**Work instructions**:
Retype each line of the material below word for word; pictures stay out.

[Opening Data excerpt section]

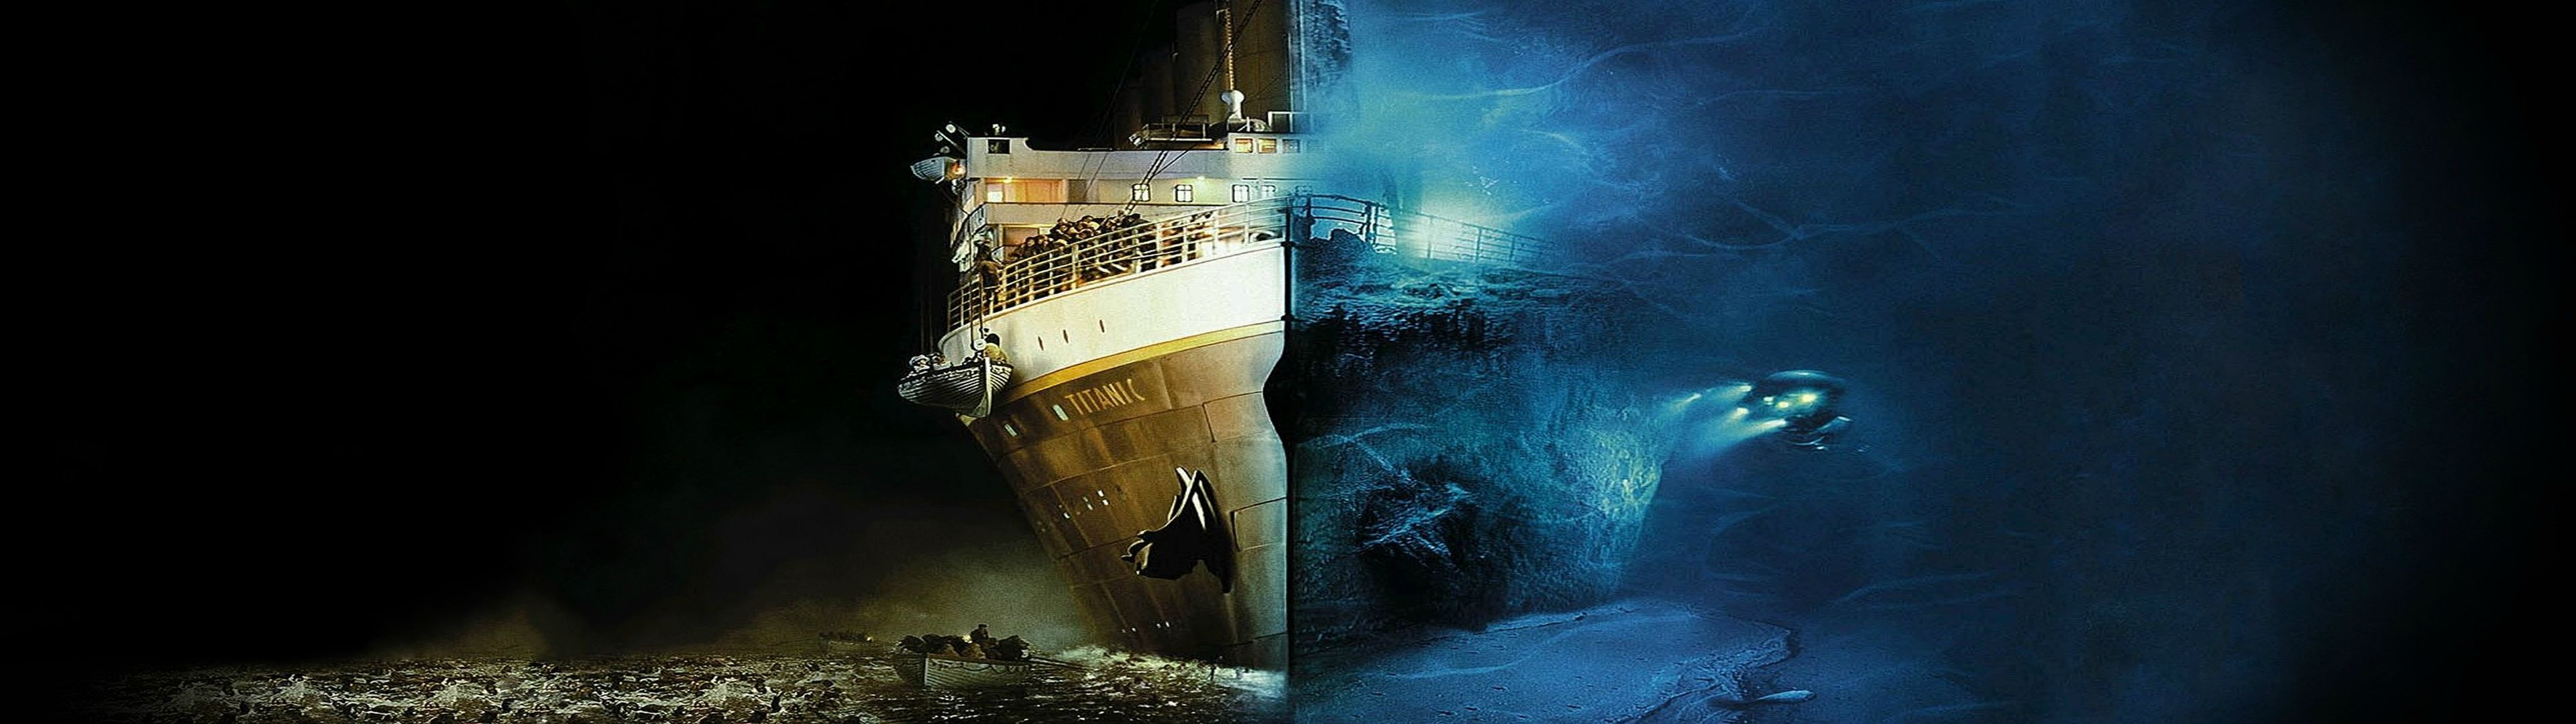 fond d'écran double moniteur,navire,véhicule,motomarine,bateau fantôme,plate forme pétrolière
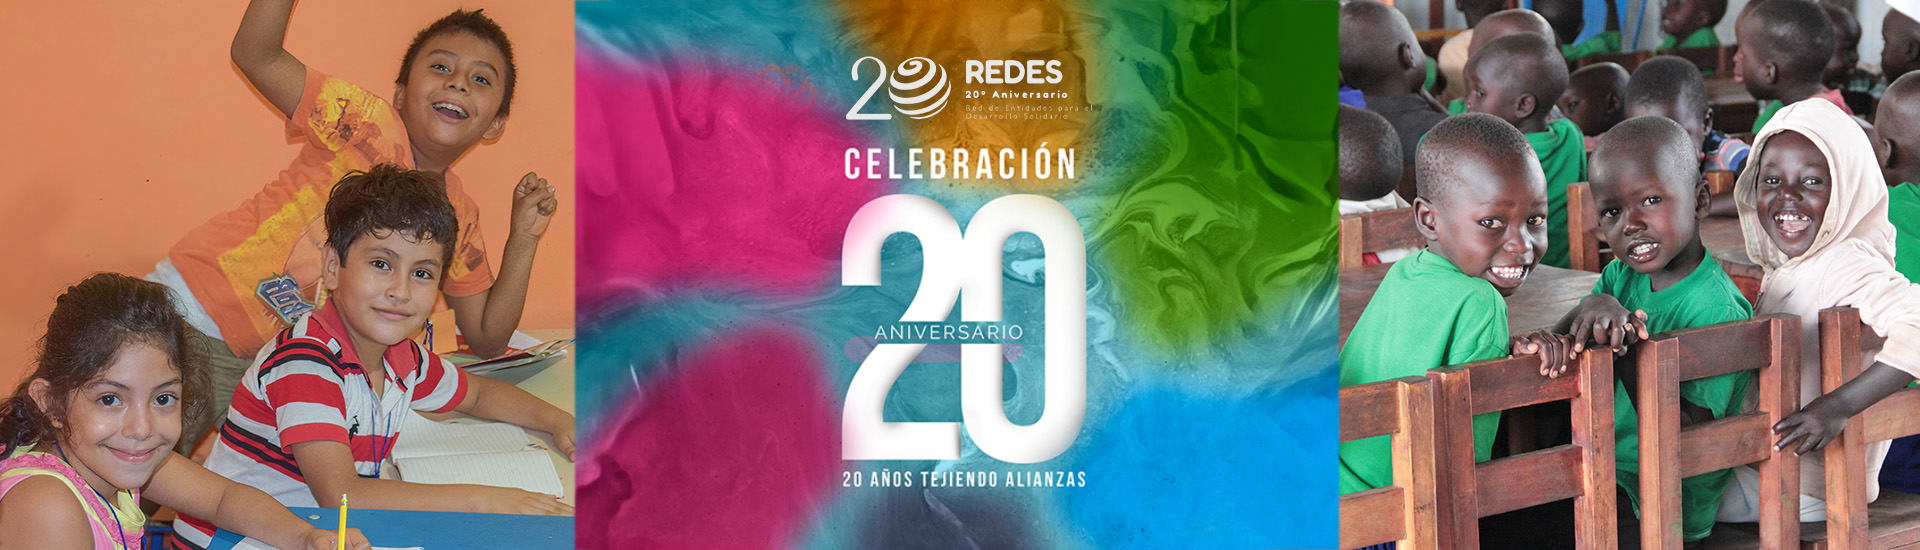 Celebramos el 20 Aniversario de REDES, luchando juntos contra la pobreza
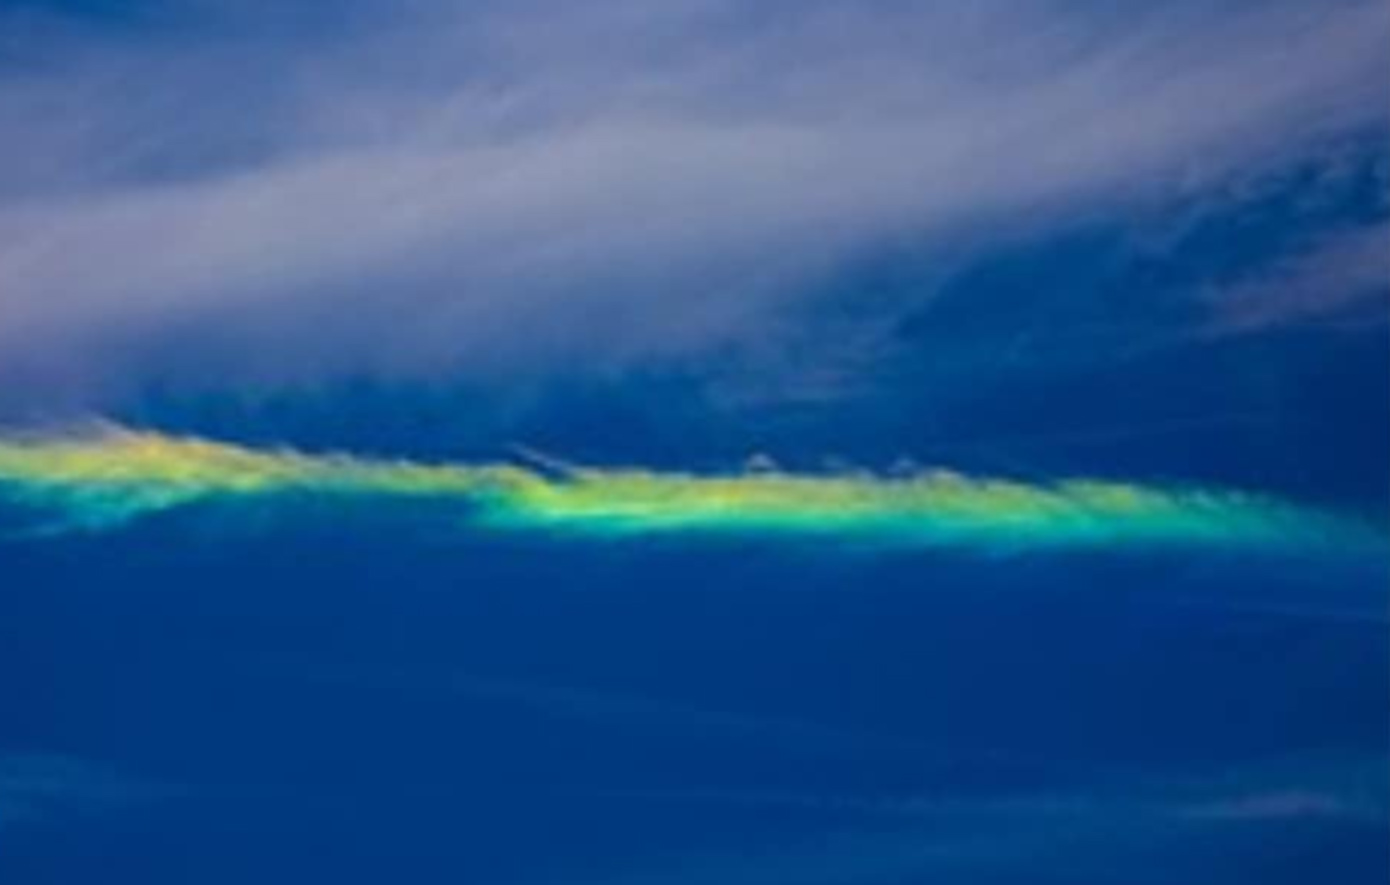 Ένα σπάνιο φαινόμενο με την ονομασία «Fire Rainbow» εμφανίστηκε στον ουρανό &#8211; Ο Θοδωρής Κολυδάς εξηγεί τι είναι

[Closing Data excerpt section]

**Response for this exercise**:
 fond d'écran double moniteur,navire,véhicule,motomarine,bateau fantôme,plate forme pétrolière
 Celebramos el 20 Aniversario de REDES, luchando juntos contra la pobreza
 Ένα σπάνιο φαινόμενο με την ονομασία «Fire Rainbow» εμφανίστηκε στον ουρανό &#8211; Ο Θοδωρής Κολυδάς εξηγεί τι είναι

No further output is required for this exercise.